══ Given information ══

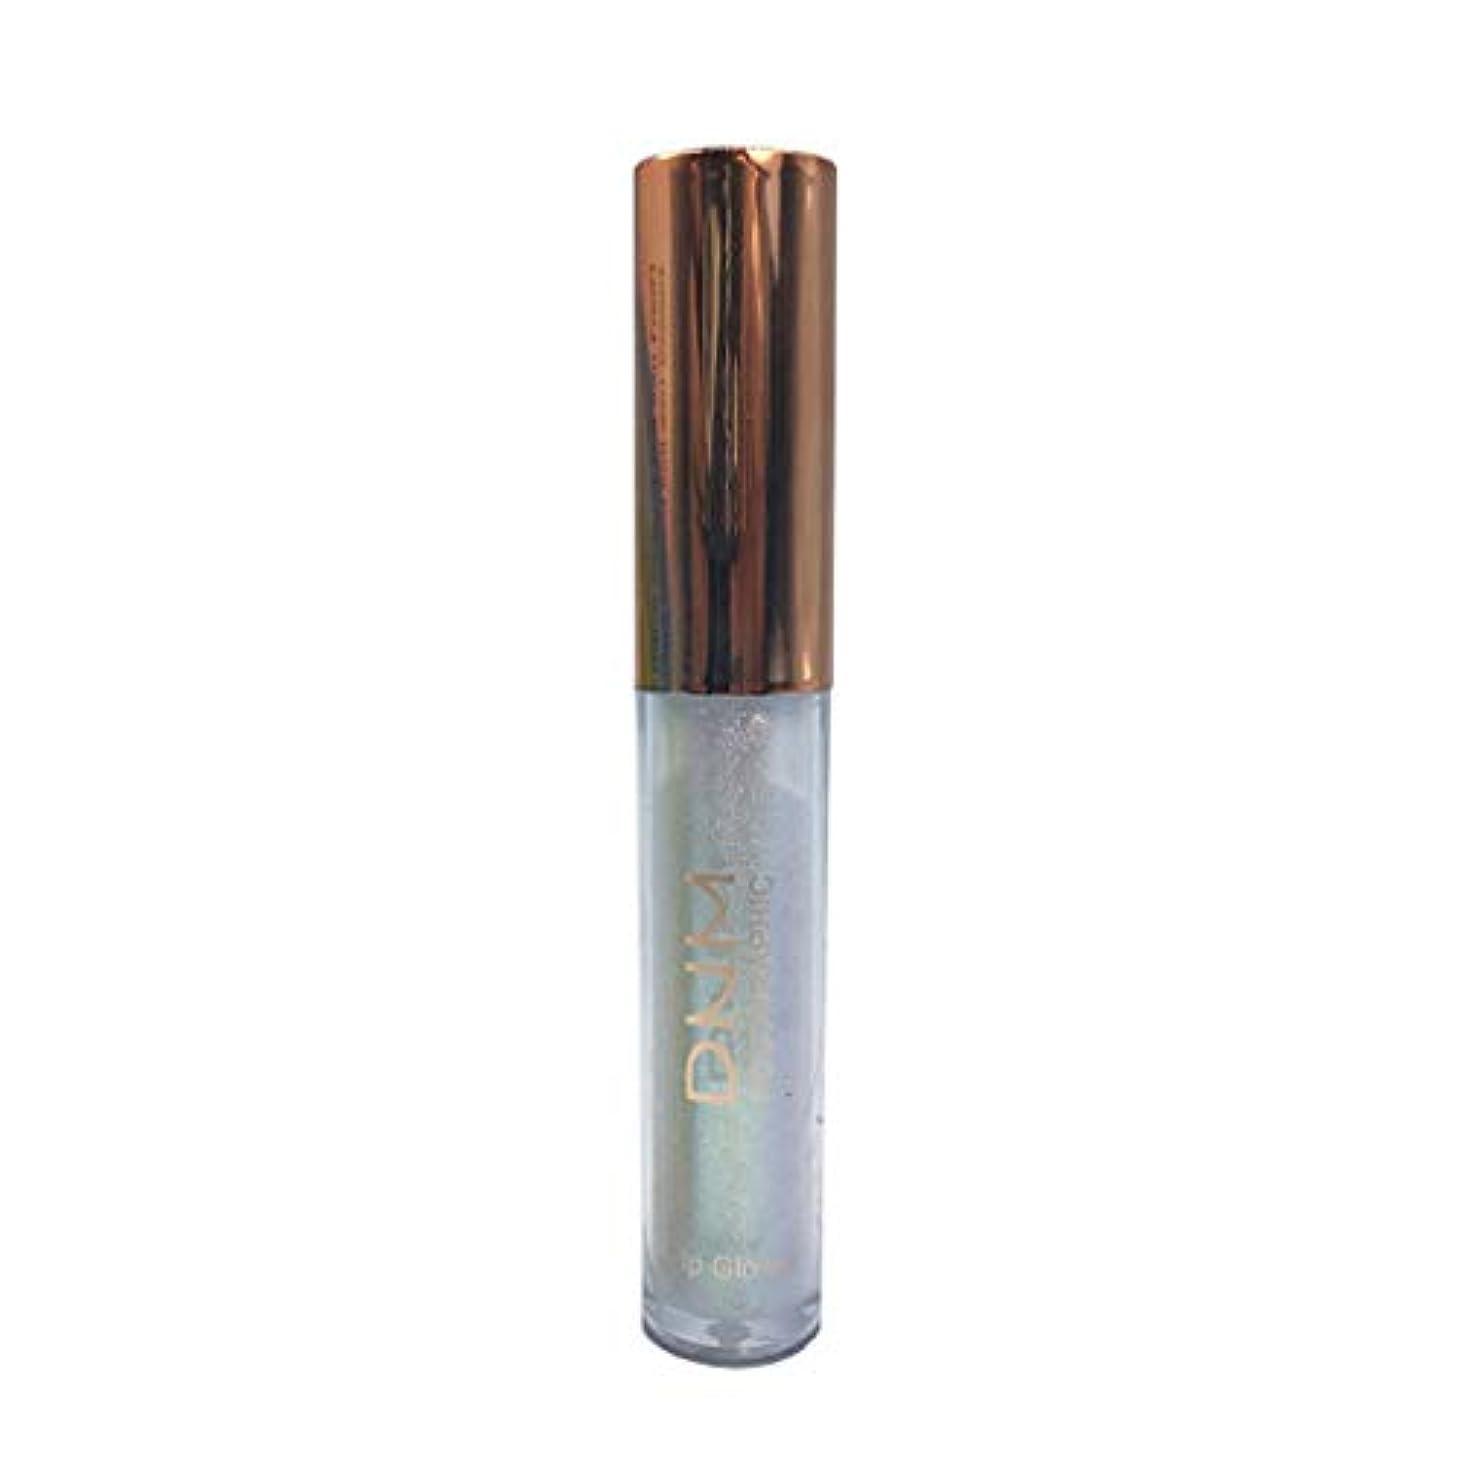 彼の記念碑的な原子炉リップクリーム 液体 キラキラ ピンク 紫系 軽い 口紅 唇 リップバーム 光沢 分極 防水 長続き リップラインの色を鮮やかに描くルージュhuajuan (A)
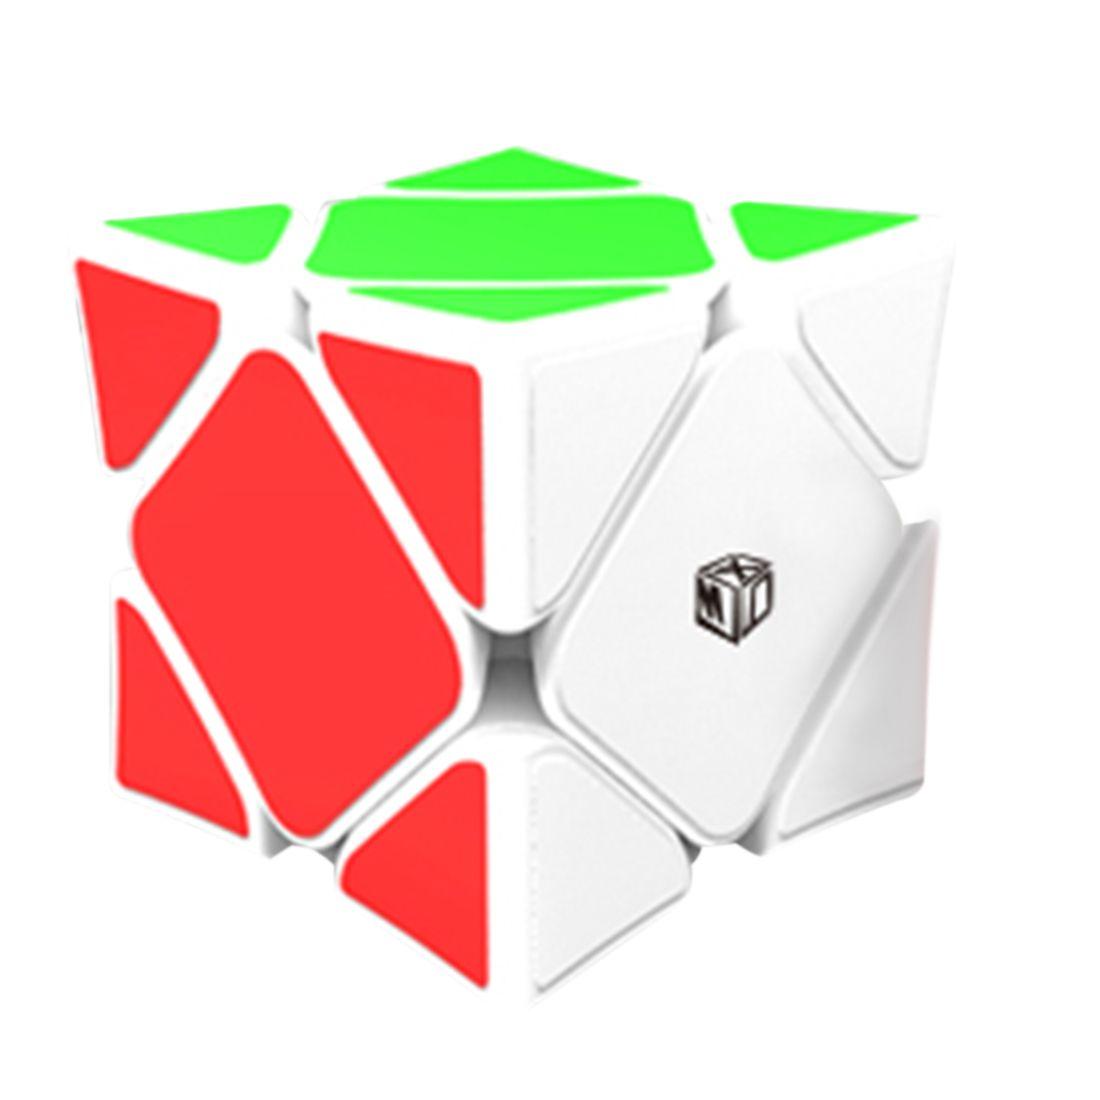 QiYi Cóncava Cubos de Velocidad Skewb Cubo Mágico con Sistema de Posicionamiento Magnético Rompecabezas Juguetes Para Los Niños
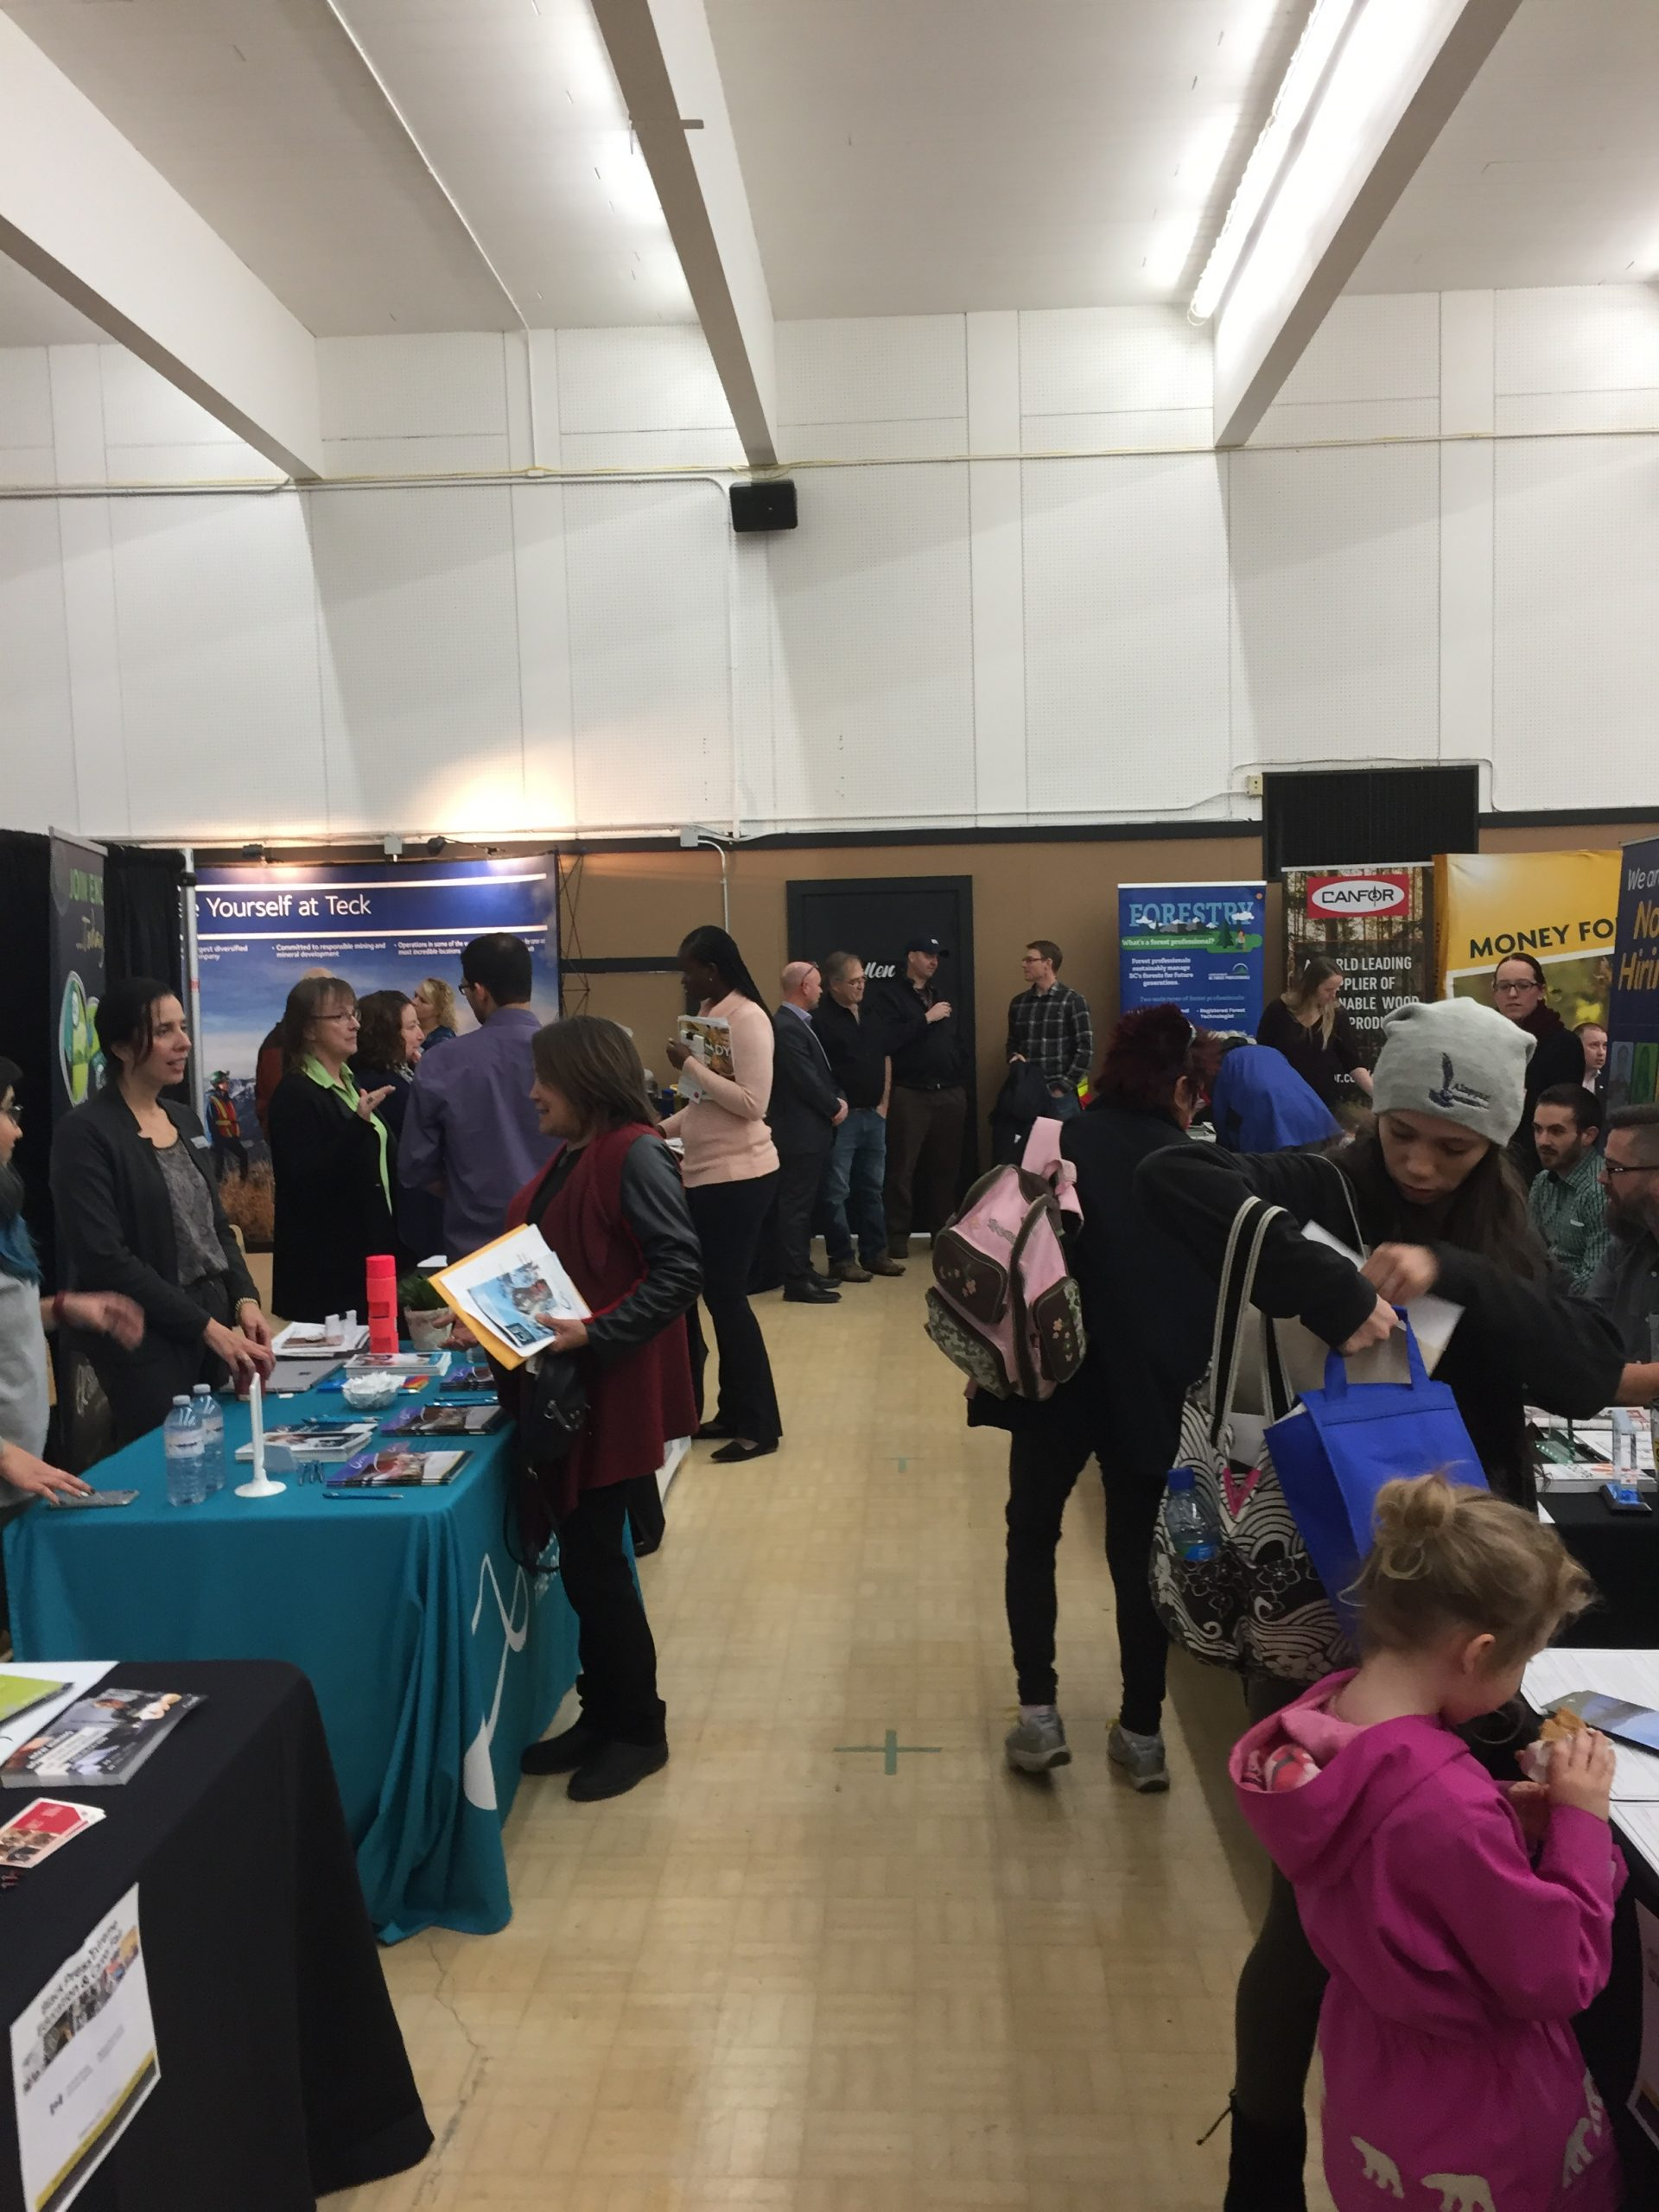 Job seekers given plenty of options at Job Fair in Cranbrook
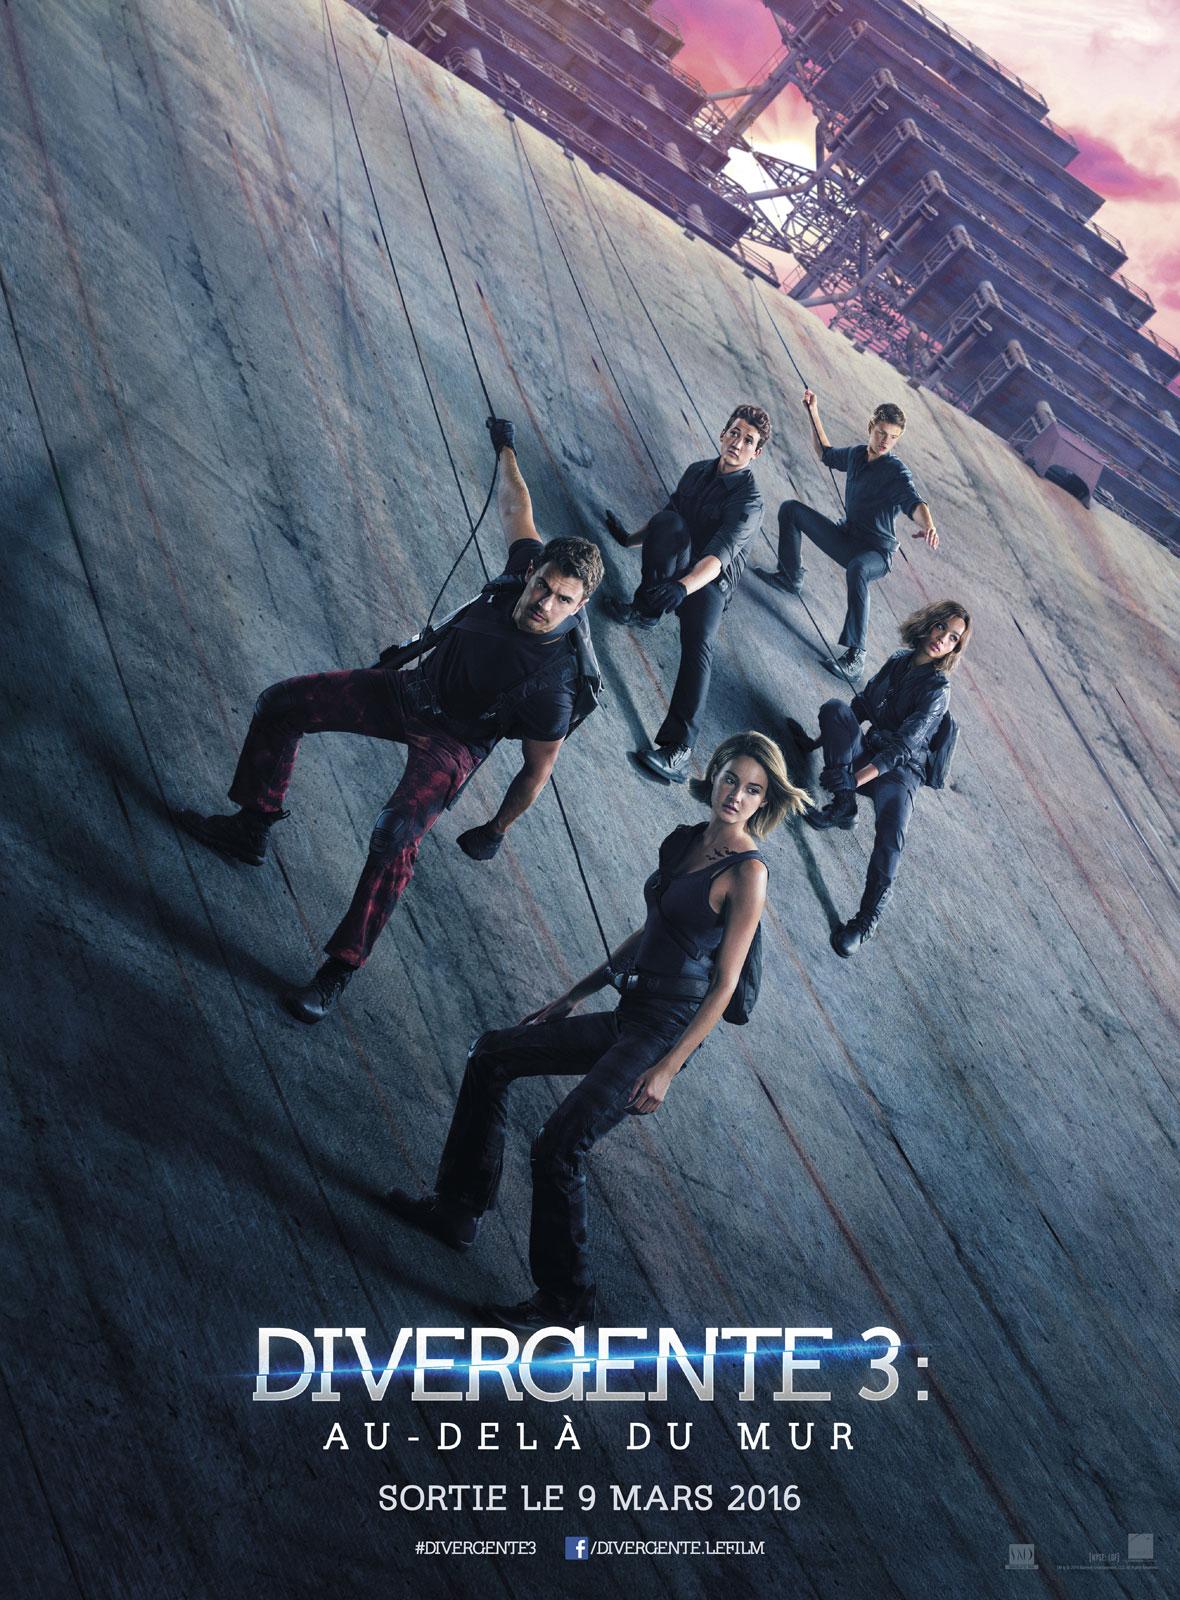 Divergente, Divergent, Robert Schwentke, Veronica Roth

═══

Skip the pictures. Please copy exactly the lines from the one with "QiYi Cóncava Cubos" through the final line of the material above, both ends included.

◆ **Task solution**
 QiYi Cóncava Cubos de Velocidad Skewb Cubo Mágico con Sistema de Posicionamiento Magnético Rompecabezas Juguetes Para Los Niños
 Job seekers given plenty of options at Job Fair in Cranbrook
 Divergente, Divergent, Robert Schwentke, Veronica Roth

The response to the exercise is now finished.